I subset the data and extract the geographic information of each individual state as well as the total drug cost for that state.
state_drug_cost <- raw_data1%>%
group_by(State, X_latitude, X_longitude)%>%
summarize(total_drug_cost = sum(Medicaid.Amount.Reimbursed, na.rm = TRUE))%>%
filter(total_drug_cost != 0 & !is.na(X_latitude) & !is.na(X_longitude))
state_drug_cost
## Source: local data frame [51 x 4]
## Groups: State, X_latitude [51]
##
## State X_latitude X_longitude total_drug_cost
## <chr> <dbl> <dbl> <dbl>
## 1 AK 61.3850 -152.2683 41488838
## 2 AL 32.7990 -86.8073 234814278
## 3 AR 34.9513 -92.3809 108603678
## 4 AZ 33.7712 -111.3877 159296822
## 5 CA 36.1700 -119.7462 1845314670
## 6 CT 41.5834 -72.7622 414550321
## 7 DC 38.8964 -77.0262 4551225
## 8 DE 39.3498 -75.5148 77059174
## 9 FL 27.8333 -81.7170 806509180
## 10 GA 32.9866 -83.6487 328901605
## # ... with 41 more rows
Created a visualization using the USA map. It gives us clear picture about prescription expenses from Medicaid program across the country. There are a few states stands out, such as NY, CA, and FL, which are the three states with the most population in america excluding TX. Just by eye balling this figure. NY’s Medicaid seem to be the one with the highest prescription spending.
usa <- map_data("state")
ggplot() +
geom_path(data = usa, aes(x = long, y = lat, group = group)) +
geom_point(data = state_drug_cost, aes(x = X_longitude, y = X_latitude, size = total_drug_cost), color = "red")

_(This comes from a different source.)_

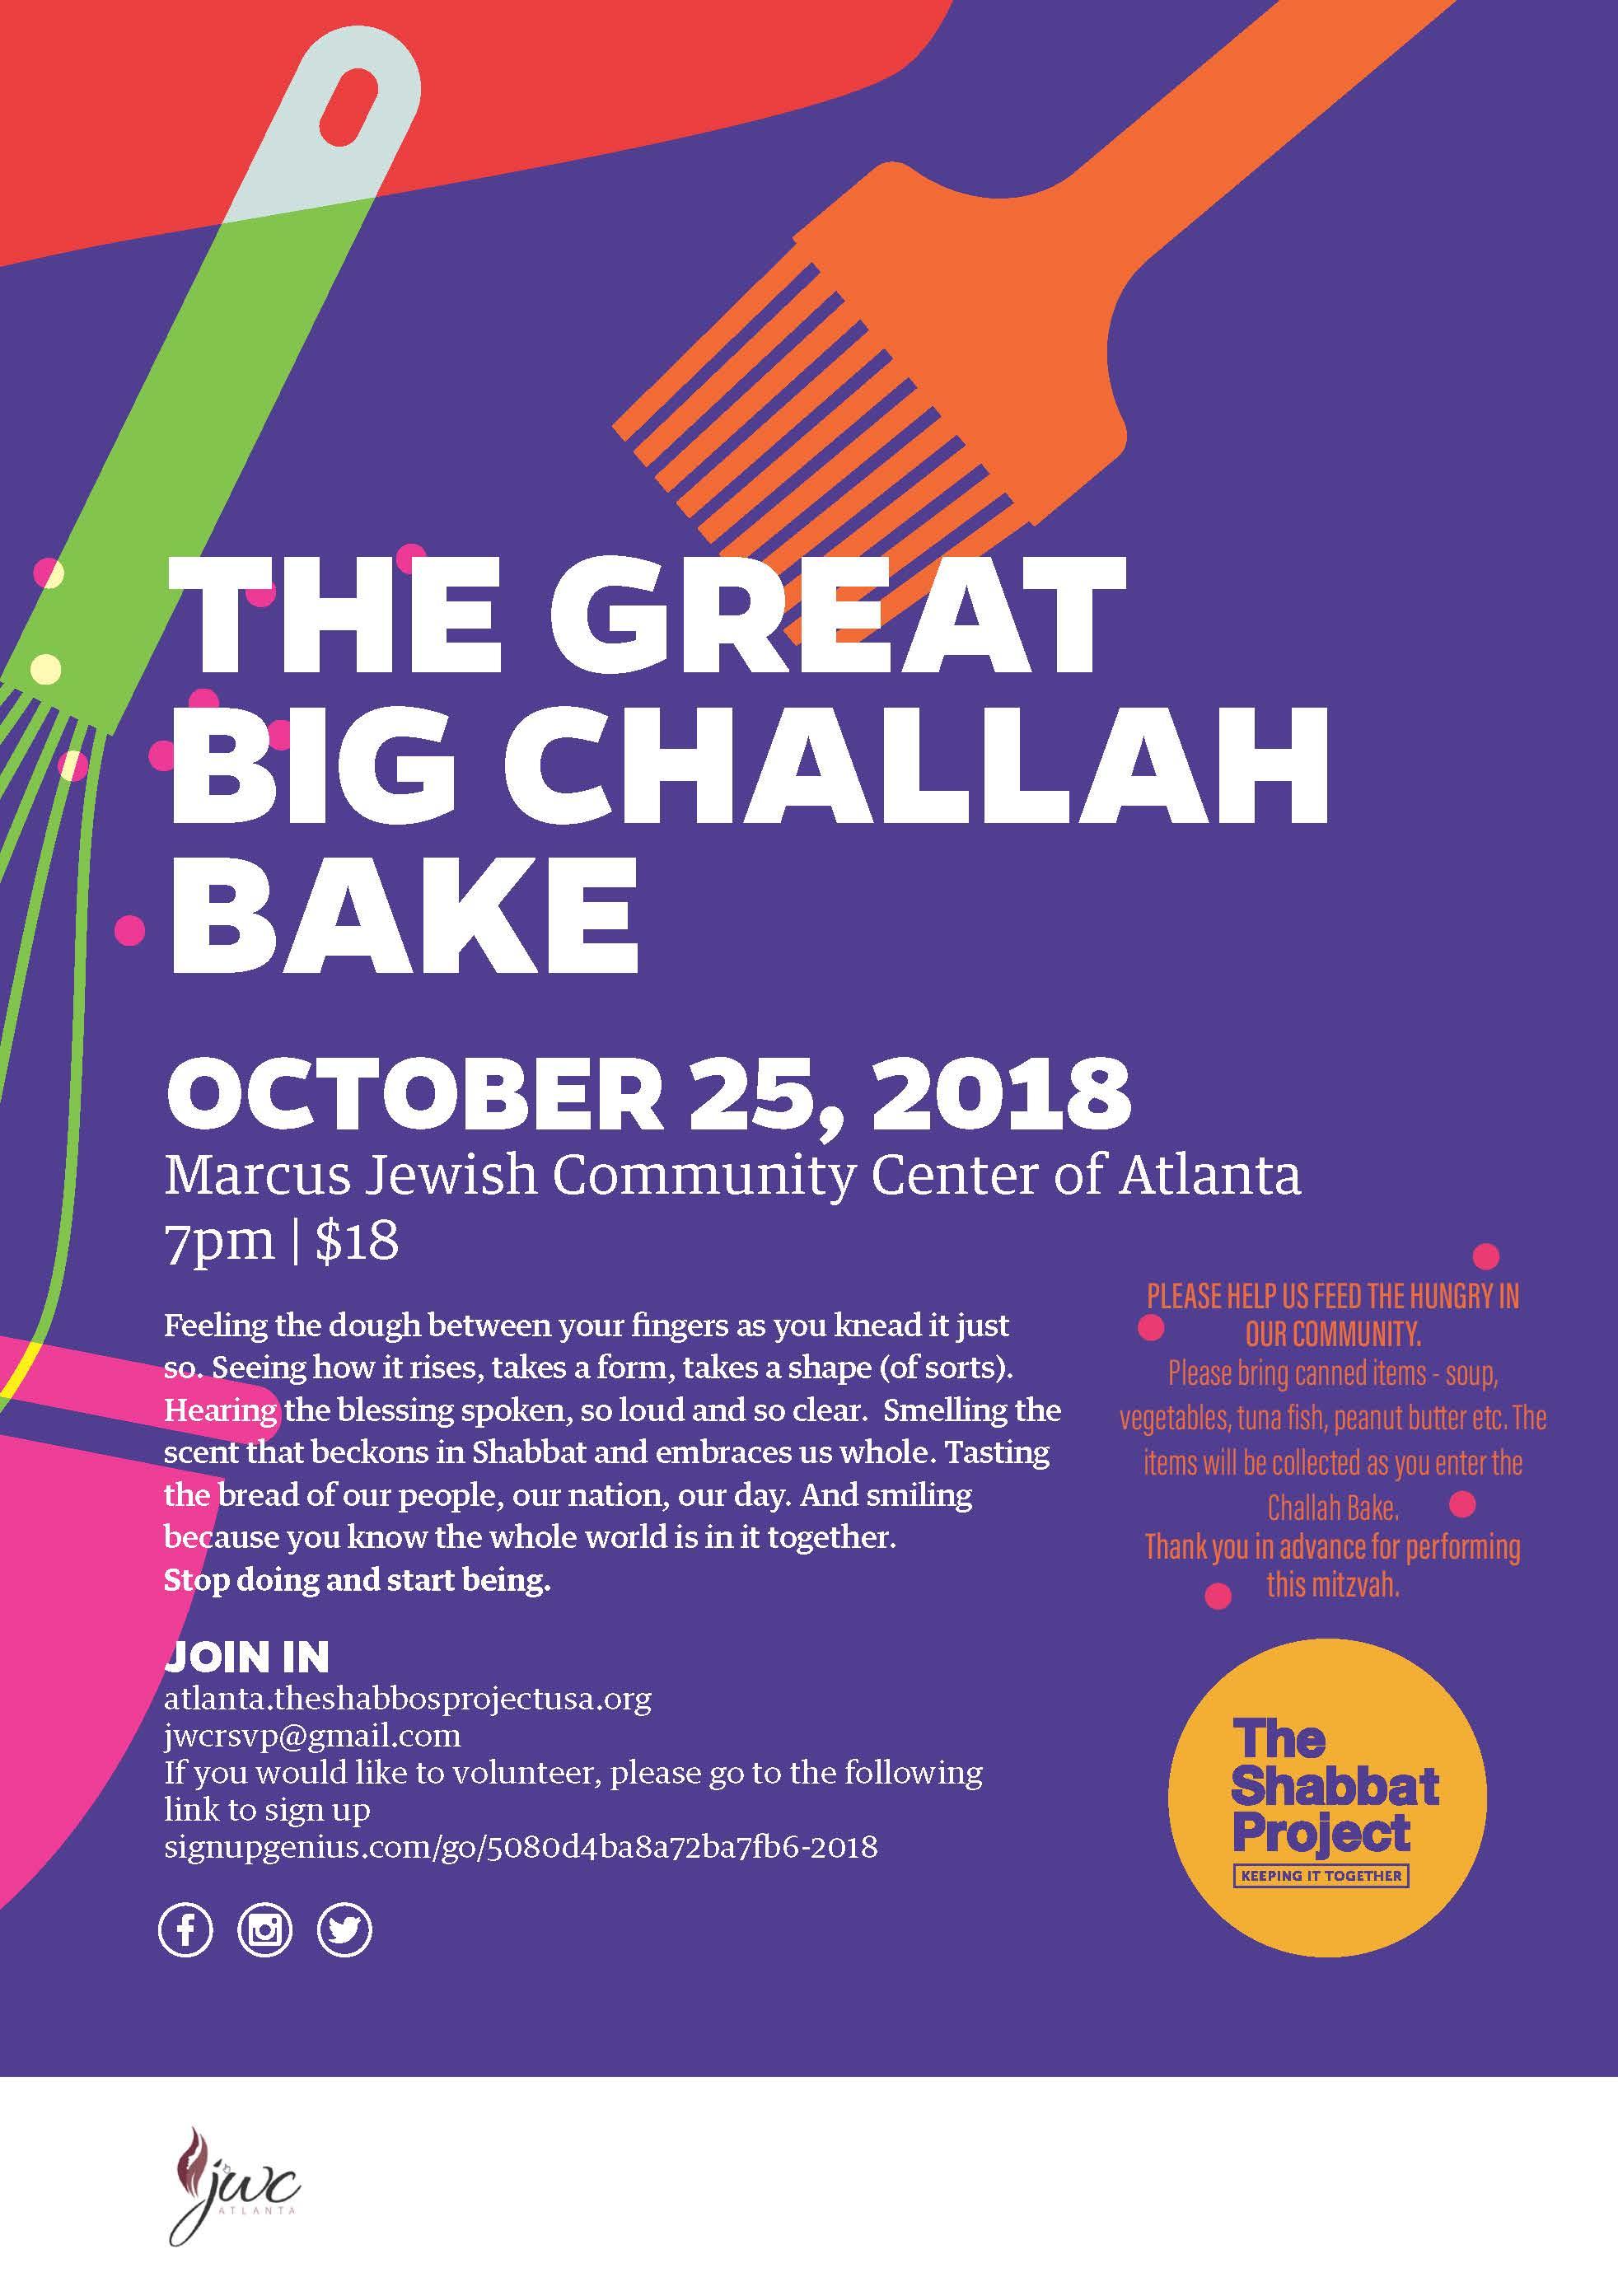 challah bake with new info.jpg

Next few line of codes is just about transformation of the data. I calculated the total product cost of each medication for each states(By the way, state “XX” means the entire country) and the number of that medications were dispense in that state. After we obtain these two numbers we can simply divide the two numbers to calculate the cost of the one unit of that medication.
For the sake of testing the difference in terms of each medication’s cost across states level, Average cost for each unit of medication and its corresponding standard deviation for each states were also calculated.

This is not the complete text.